Cyclone Freddy death toll in Africa tops 500

Cyclone Freddy death toll in Africa tops 500

The death toll in the southeast of Africa due to the tropical cyclone freddy of exceptional duration, has increased to 522, according to the authorities of malawian, Mozambique and Madagascar.

Disaster management authorities in Malawi, which has been hardest hit by the cyclone, reported Saturday that the death toll had risen to 438. Malawi President Lazarus Chakwera declared a 14-year national mourning period on Thursday. days.

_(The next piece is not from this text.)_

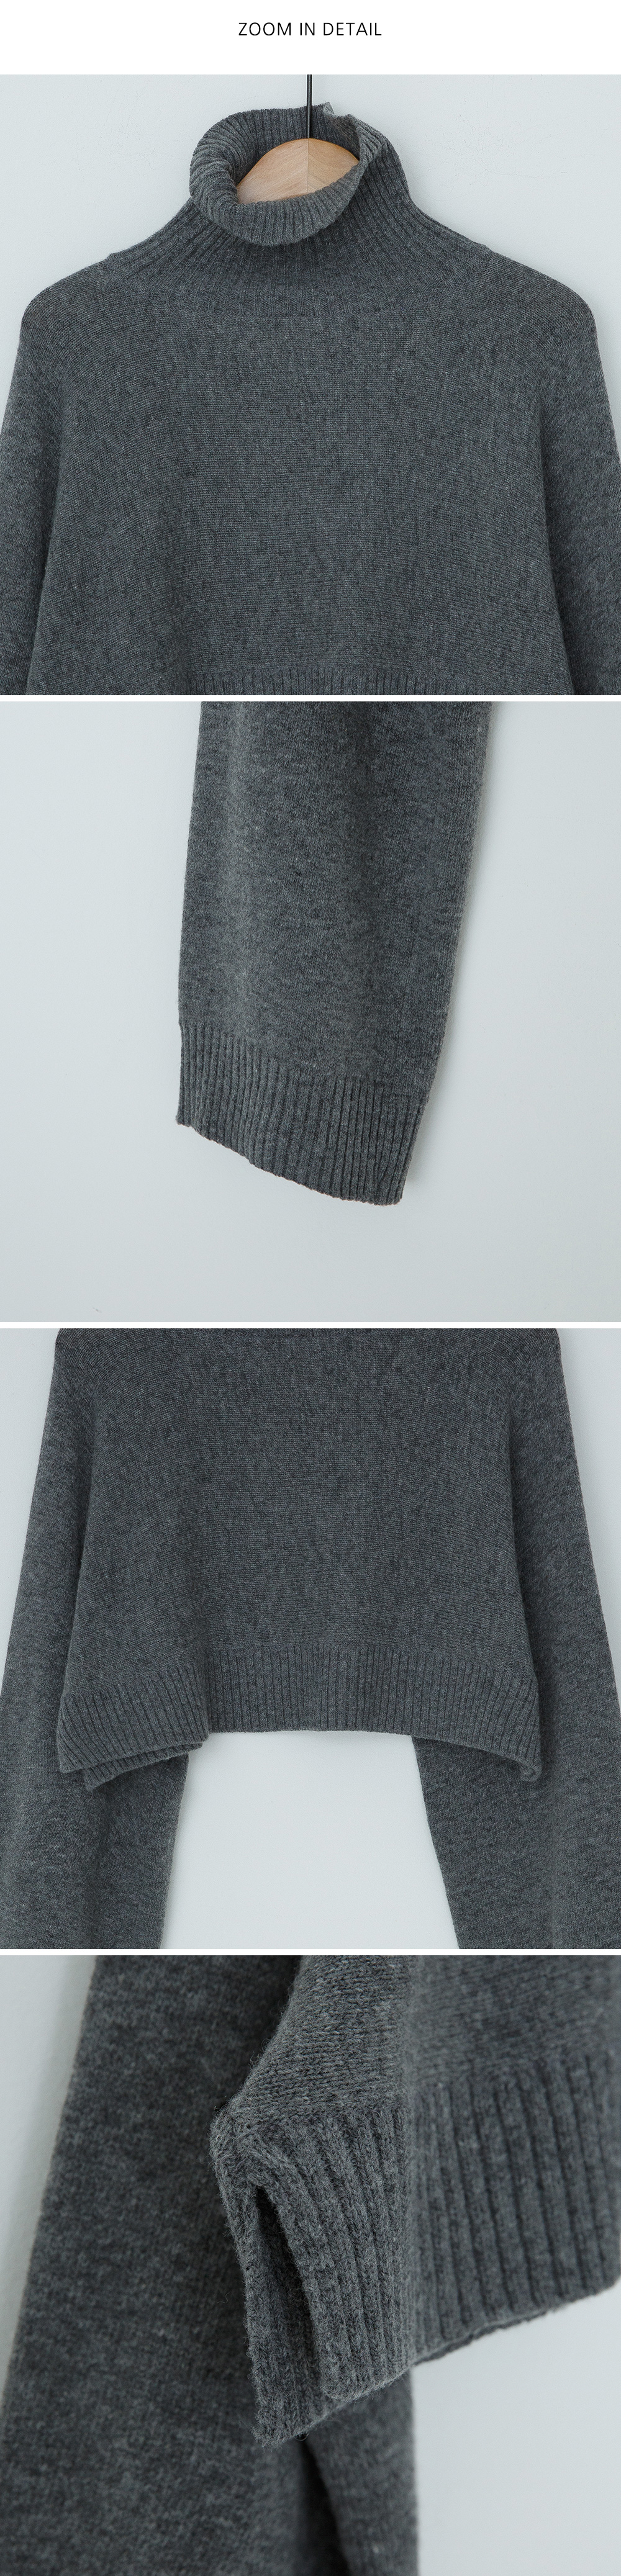 Viva turtleneck crop wool knit

There are hundreds of evacuation centers set up across the country for survivors with tens of thousands in Malawi left homeless and an estimated 345,000 people affected by heavy rains, floods and landslides.

Cyclone Freddy damaged roads and bridges

The cyclone left a trail of devastation in southeastern Africa. Neighboring Mozambique and the island nation of Madagascar have also been affected. In Mozambique, at least 67 people have been killed, according to President Filipe Nyusi, with 50,000 more displaced.

The death toll in both nations is expected to continue to rise. At least 17 people have died on the island nation of Madagascar.

Cyclone Freddy dissipated over land on Wednesday night after making a second landfall in Mozambique and then Malawi over the weekend, causing massive devastation in several regions, including Malawi’s financial capital, Blantyre.

Freddy made its first landfall on February 21 in Madagascar. From there, the storm moved into Mozambique and then back into the Indian Ocean. On March 11, he arrived in Mozambique for the second time and then moved to Malawi.

Both nations were already facing a cholera outbreak before the cyclone hit and there are fears that flooding could worsen the spread of waterborne diseases. Mozambique was also dealing with the first hits and floods from Freddy earlier in the year.

Scientists say human-caused climate change has worsened cyclone activity, making them wetter, more intense and more frequent.